= Dual-motor, four-wheel-drive layout =

Car layout in automotive design

Typical dual motor layout

In automotive design, dual-motor, four-wheel-drive layout is mainly used by battery electric vehicles by having two electric motors that each drives the front and rear axle, creating a four-wheel drive layout. This is made possible by the smaller size of electric motors compared to internal combustion engines (ICEs), which in addition are also accompanied by a bulky engine cooling system, allowing it to be fit more versatilely into multiple locations.

The use of separate motors for the front and rear drive wheels eliminates the need of a drive shaft that is ubiquitous in four-wheel drive ICE vehicles.
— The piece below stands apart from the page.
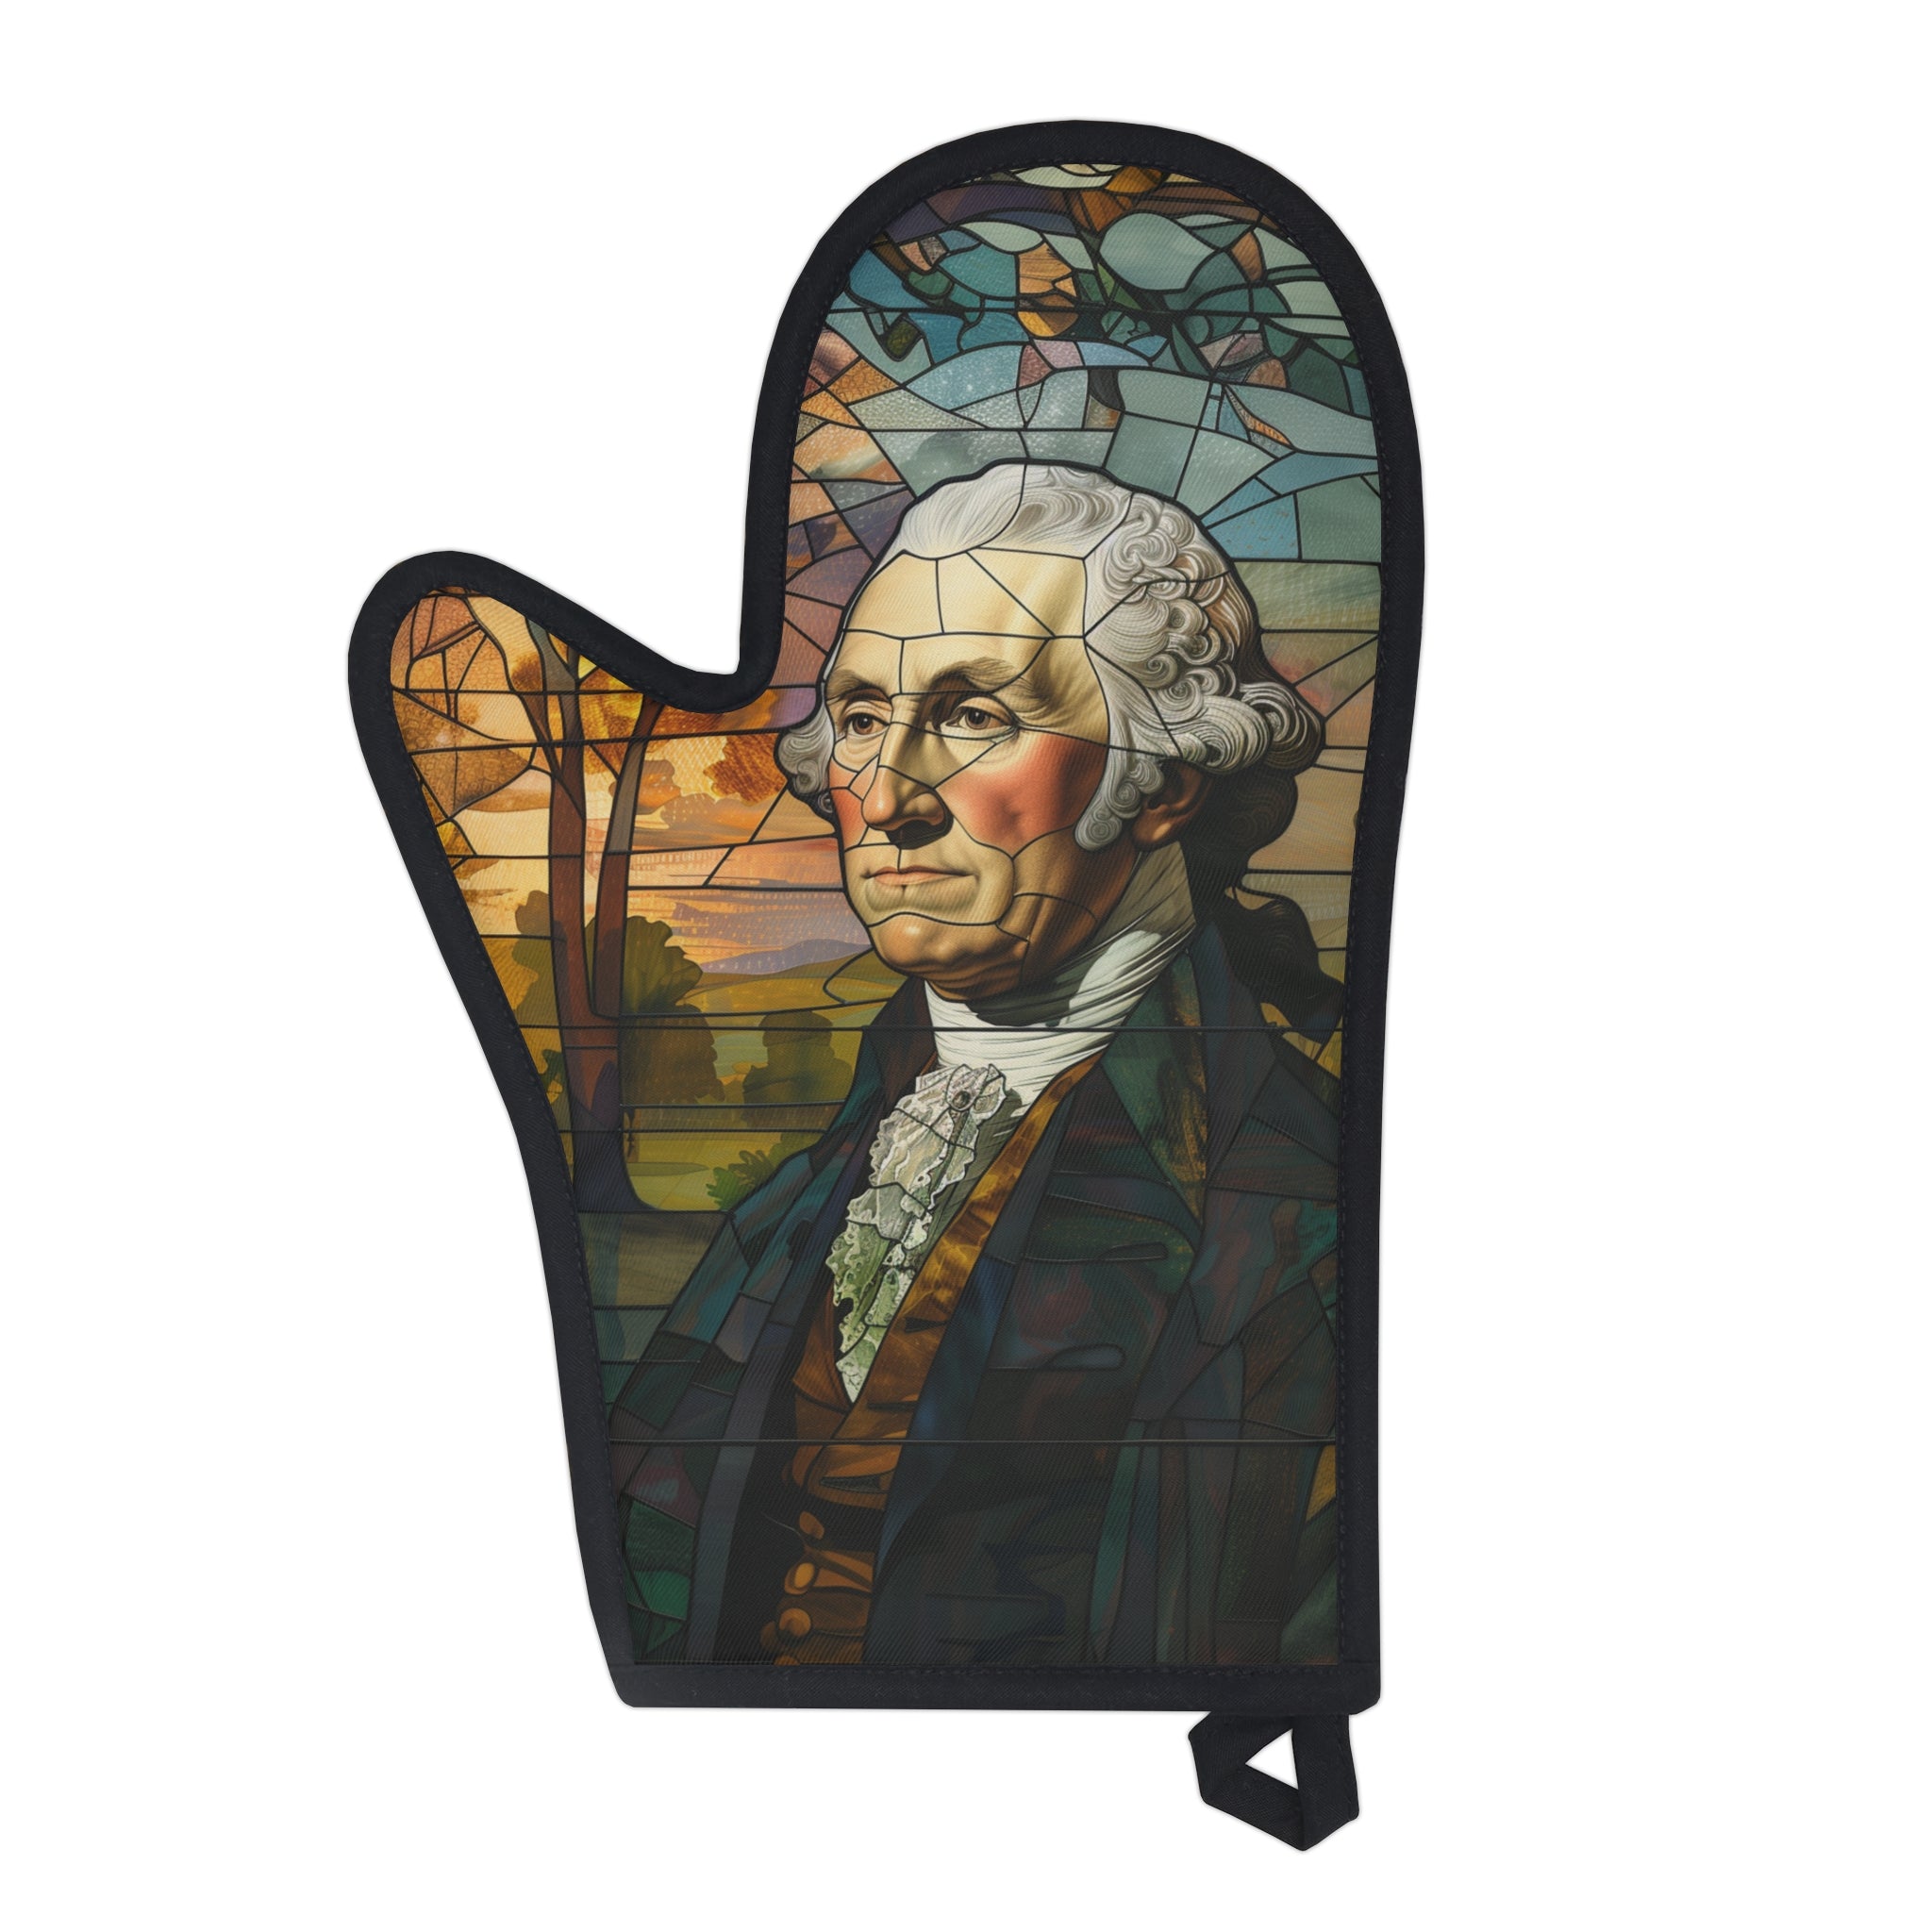 George Washington Stained Glass Oven Mitt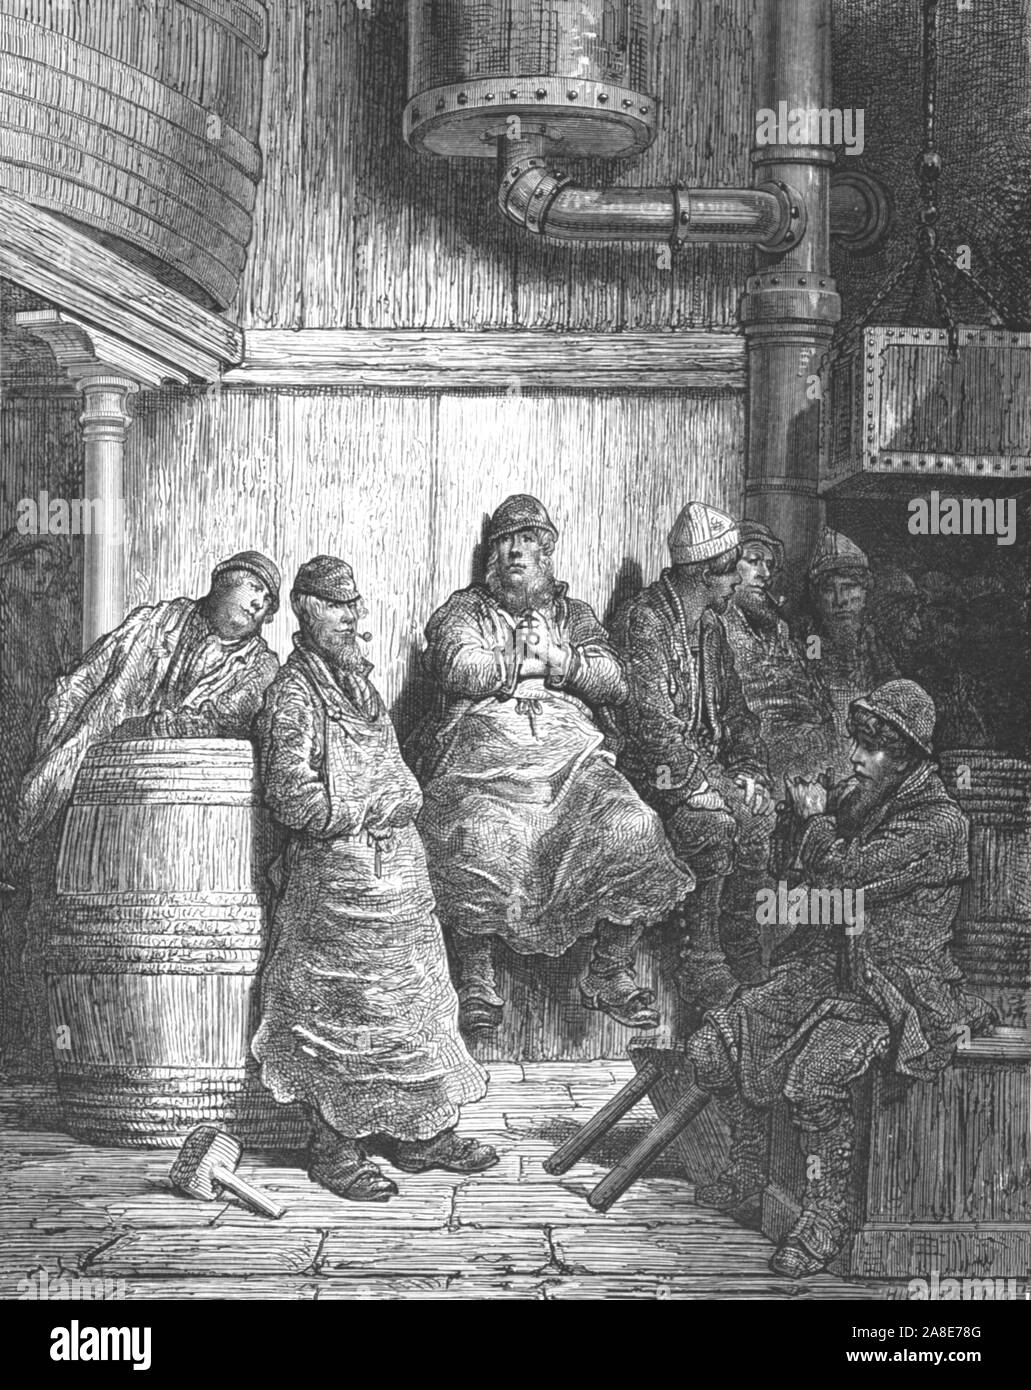 'Brewer's Men', 1872. Brewers take a break at Barclay, Perkins and Company brewery in Park Street, Southwark. From, &quot;LONDON. A Pilgrimage&quot; by Gustave Dore and Blanchard Jerrold. [Grant and Co., 72-78, Turnmill Street, E.C., 1872]. Stock Photo

This frees up space for bigger battery modules, which are commonly mounted on the chassis floor between the axles.

The dual-motor layout is beneficial in re-distributing torque and power to maximize effective propulsion in response to road grip conditions and weight transfer in the vehicle. For example, during hard acceleration, the front motor must reduce torque and power in order to prevent the front wheels from overspinning as weight transfers to the rear of the vehicle. The excess power is transferred to the rear motor where it can be used immediately. The opposite applies when braking, when the front motor can accept more regenerative braking torque and power.

However dual-motor vehicles usually have less range for the same battery size than single-motor designs. In addition, electric vehicles may be equipped with more than two electric motors to achieve greater power output and superior handling.

The first mass-produced triple-motor layout was introduced on the Audi e-tron in 2020, which consists of one motor at the front and two motors at the rear.

A rare example of a non-electric vehicle utilizing this layout is the Citroën 2CV Sahara, which has two flat-twin petrol engines.